As we are spending our time in quarantine, I thought we might try and consider reconstructing some phylogenetic trees that will tell us something about the evolutionary history of the coronavirus 2019-nCov. In particular, we will try and replicate (not completely, but the general idea) the panels b and c from Figure 2 in this paper:Identification_of_a_novel_coronavirus . The idea is to create and compare two phylogenetic trees created from the whole genome sequence of the coronavirus and from its spike protein (you might read more about spike proteins in this article, back from the previous SARS epidemic).
Our goal will be to write a script that creates these two plots using the following steps:
- Downloading the sequences from Entrez using Bio.Entrez (
23 pts) - Creating multiple alignments of both DNA (whole genome) and protein (spike protein) sequences (3 pts)
- Creating phylogenetic trees for both protein and genome alignments using the UPGMA and neighbor joining algorithms (3pts)
- Visualizing the trees (1 pt)
Now let us describe all these steps in more detail
1. We need to download whole genome sequences and spike protein sequences from the Genbank Entrez databases (“nucleotide” and “protein” databases, respectively), together with some other viruses. We will only look at 6 species:
- 2019-nCov virus (current coronavirus)
- SARS – another coronavirus back from 2002
- bat coronavirus
- MERS – middle eastern respiratory syndrome coronavirus
- influenza A – flu virus, to see how far are coronaviruses from the flu
- hepatitis A virus – less related virus
You can use the Bio.Entrez interface. An example of how this works can be seen in a jupyter notebook here (please remember to use your e-mail and not mine in your code…). We will need to do this for all 6 species. You should provide a single script that does that for all species, using different query terms for each genome and protein. You will probably need some trial and error work here, but I want to see just the end result – a script that works.

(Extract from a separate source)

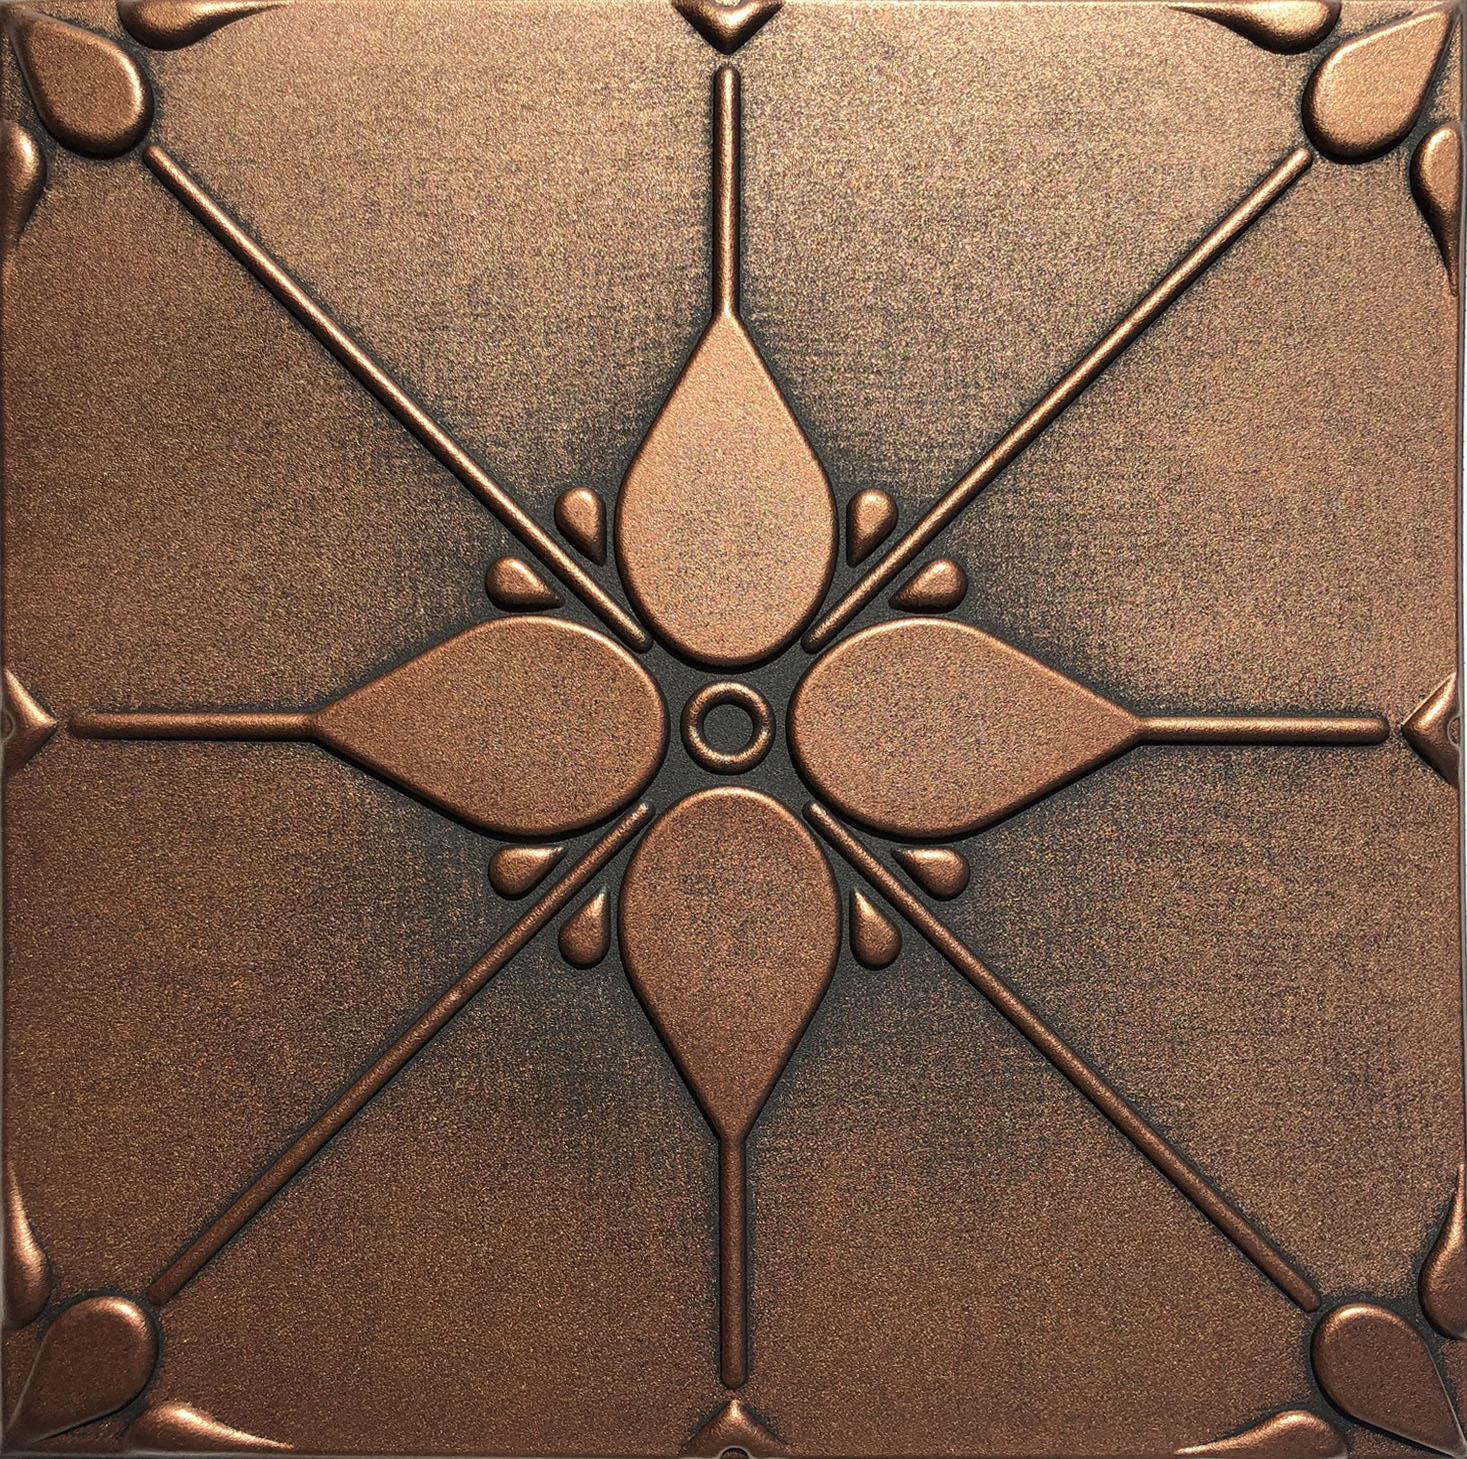 Joy Antique Copper Ceiling Tiles
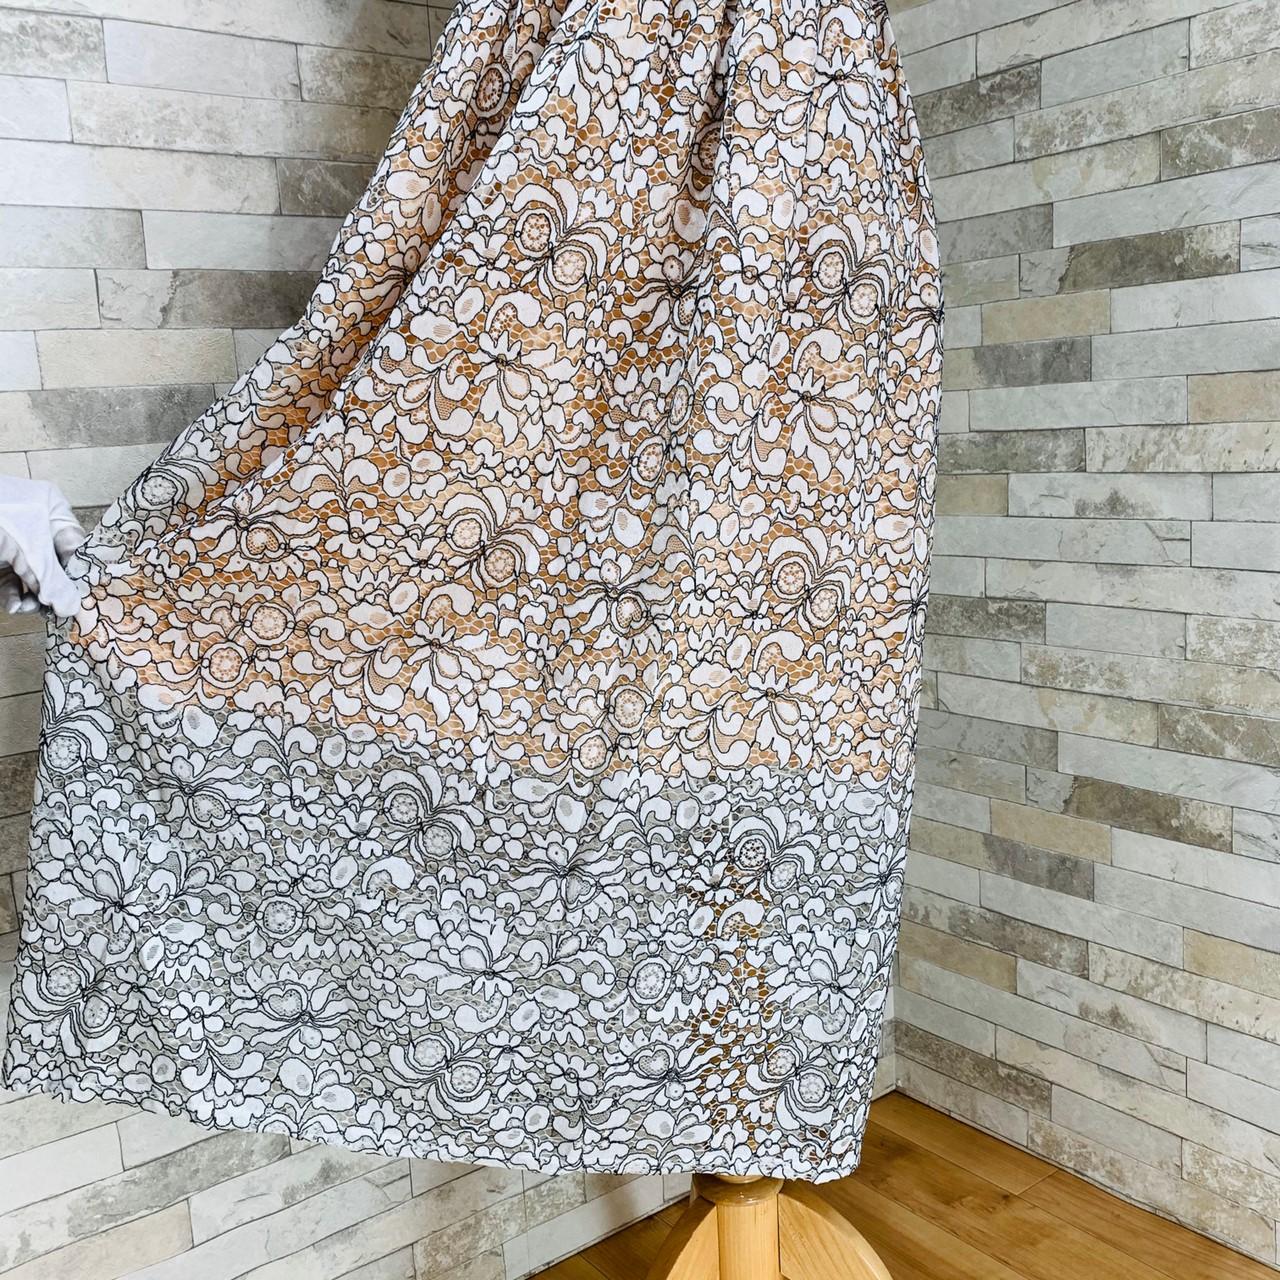 【即納】韓国 ファッション ワンピース パーティードレス ロング マキシ 夏 春 パーティー ブライダル SPTXE760 結婚式 お呼ばれ 総レース スタンドカラー ギャザ 二次会 セレブ きれいめの写真10枚目

2. Here we will want to run the ClustalW algorithm on the downloaded sequences. You will need to have the clustalw executable installed (it is the package clustalw in ubuntu). Your script should use the Bio.Align.Applications.Clustalw interface. in the result you should get two multiple sequence alignments (for genomes and for spike proteins).
3. Here you should use the two multiple alignments to create distance matrices and from these distance matrices to create phylogenetic trees (both with upgma and nj methods).
4. You should create images of the 4 trees (upgma or nj x protein or genome) using the draw function.
A full solution is a script (in a .py file sent as a real attachment -not some usos attachment, not an ipynb, not a link) together with the images for part 4 (in png format). All of this should be sent to me (bartek[at]mimuw.edu.pl) with the tag [WBO] in the e-mail subject by April 6th. The code should be reasonably easy to read (with comments and the code divided into sensible functions or classes. Not a huge spaghetti of code.)